Which gets us to this blog’s actual title. Man, they just don’t make those organized crime figures like they used to. Sark betrays father Wolfhausen by stealing the nuclear rods, and killing the two men charged with guarding them in order to do it, and then minutes later he agrees to bring the rods to the authorities. Granted, they portrayed Sark as more of a lover than a fighter from the beginning, but for God’s sake, man, do you have a cause or what? That’s just wishy-washy. Likewise, Jason Schwartzman is willing to knife one of his government’s security guards in the neck in order to escape and launch his insurrection, and have Sark killed in order to keep from having to pay for the rods, but using the rods against the Americans is suddenly a deal-breaker? Who did he think he was going to use them on?


“So tell me how this process works.” “Well, you lie down in front of the bus, and then we run you over with it. We may even back over your lifeless body and run it over again, just to be sure. Any questions?”
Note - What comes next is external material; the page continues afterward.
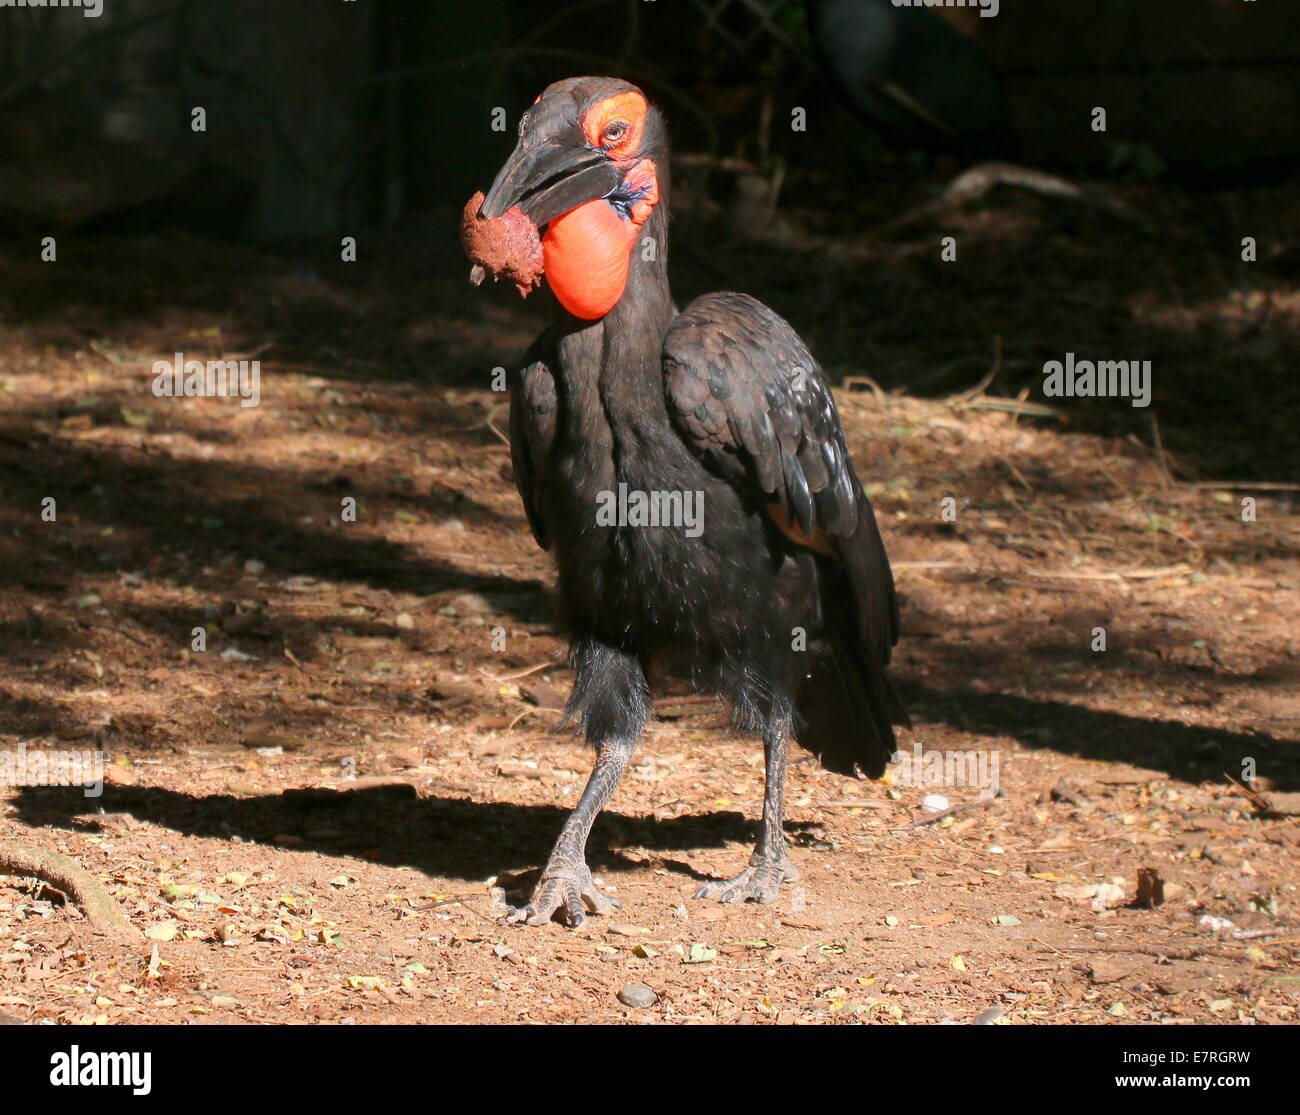 Southern ground hornbill (Bucorvus leadbeateri, formerly B. Cafer) feeding on red juicy meat Stock Photo

Personally, I just don’t think the writers thought this part through very well. They start with CTU picking up Jason Schwartzman’s voice on Sark’s cell phone, despite the phone not being on speaker and a good ten feet away from Schwartzman when he spoke. (They had to have a reason to confirm that it was really Schwartzman when he called later asking for help, I know, but ugh.) Then they have Schwartzman meet up with the people who helped him get this far, and only then does he realize that they are waaaaaaaay more committed to the cause than he is, to the point where they don’t care if their home country gets bombed back to the Stone Age in retaliation for the crimes they intend to put into motion. By my reasoning, that’s counter-productive to their ultimate goal, since their country wouldn’t really exist anymore. “You can’t turn us into an American-run police state!” “Oh, don’t worry, that’s not really much of an option anymore. We hope you find clean drinking water soon. ”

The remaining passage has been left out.